Please copy out the entries below exactly, beginning with the line that contains "Блузка LA REDOUTE" and ending with the line that contains "中国银联优惠优先服务海报.png", and include nothing outside that span.

● **DATASET EXCERPTS**
──────────────────────────────

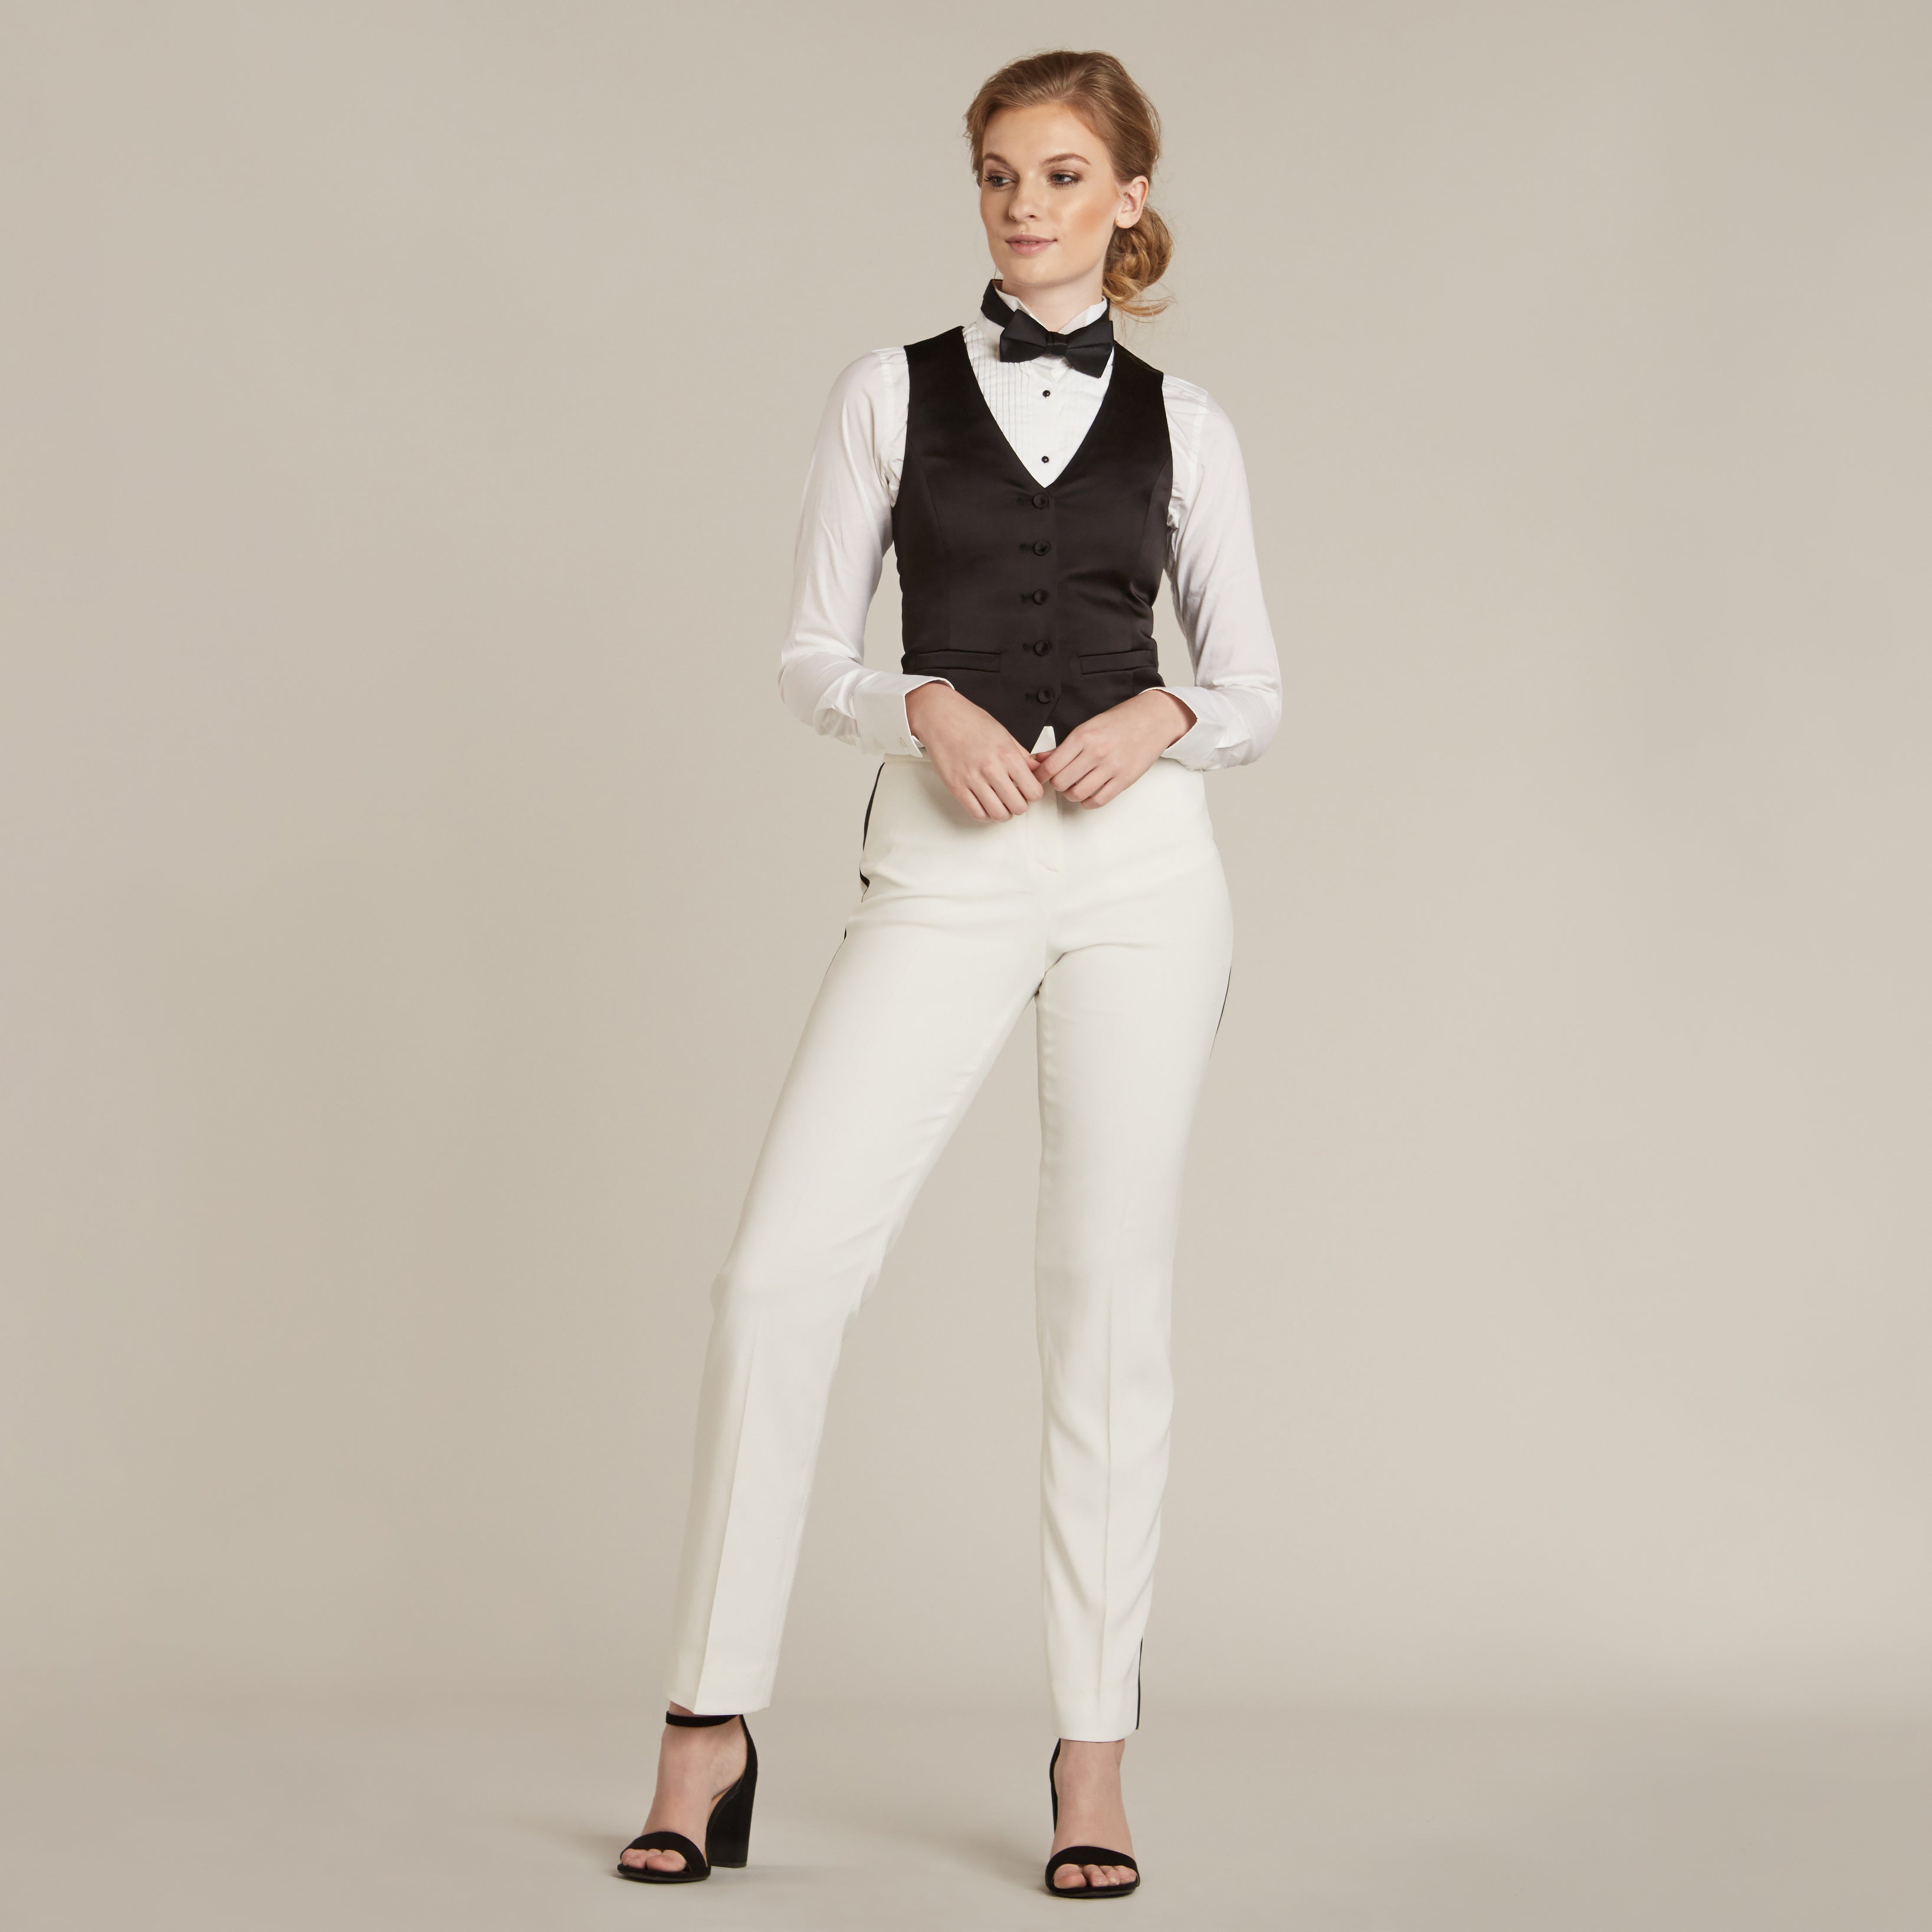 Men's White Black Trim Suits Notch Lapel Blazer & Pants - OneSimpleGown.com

──────────────────────────────

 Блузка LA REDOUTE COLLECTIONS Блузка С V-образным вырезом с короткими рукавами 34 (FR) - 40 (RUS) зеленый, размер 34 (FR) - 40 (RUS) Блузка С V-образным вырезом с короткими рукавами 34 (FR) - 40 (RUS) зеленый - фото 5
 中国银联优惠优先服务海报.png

──────────────────────────────

● **ANSWER TO THIS EXERCISE**
 Блузка LA REDOUTE COLLECTIONS Блузка С V-образным вырезом с короткими рукавами 34 (FR) - 40 (RUS) зеленый, размер 34 (FR) - 40 (RUS) Блузка С V-образным вырезом с короткими рукавами 34 (FR) - 40 (RUS) зеленый - фото 5
 中国银联优惠优先服务海报.png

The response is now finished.